To hunt for network-based clues in another group of genomes, Ideker is continuing with this approach. These data are from ovarian cancer patients whose tumors are unperturbed by chemotherapy. Studying the DNA sequences and the mutations yields no pattern, he says, but a pattern emerges when the team integrates the mutations of these 'non-responders' in a network context. He is currently validating these results in cancer cell lines, which will help clarify the molecular mechanisms that lead the cells to resist chemotherapy.

A networked view of data offers some answers, and it yields more questions. “The network gives us a high-level clue as to what those mechanisms could be, but then you have to delve into the biochemistry,” says Ideker.
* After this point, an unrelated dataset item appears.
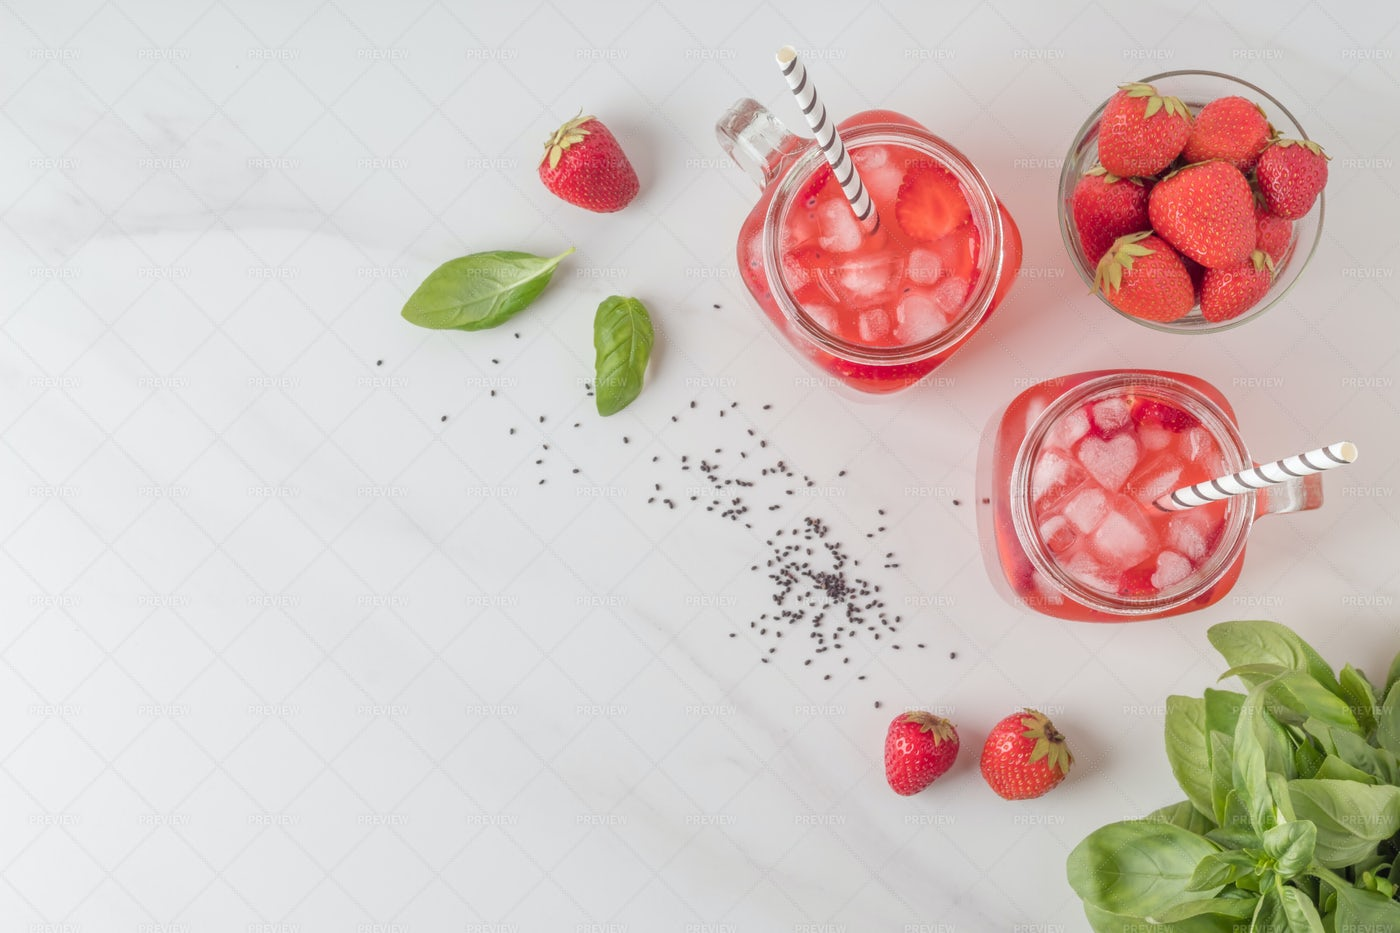 Yummy Strawberry Drinks: Stock Photos

Researchers must remember that data integration in network-based analysis does not automatically deliver conclusions about causality. “I believe that we simply don't know enough about the connections to add that linear alignment so far,” Ideker says. In order to expand the abilities of network-based analysis, whether for tumors or for other biological systems, researchers will need more data, as well as more tools that are able to communicate with one another.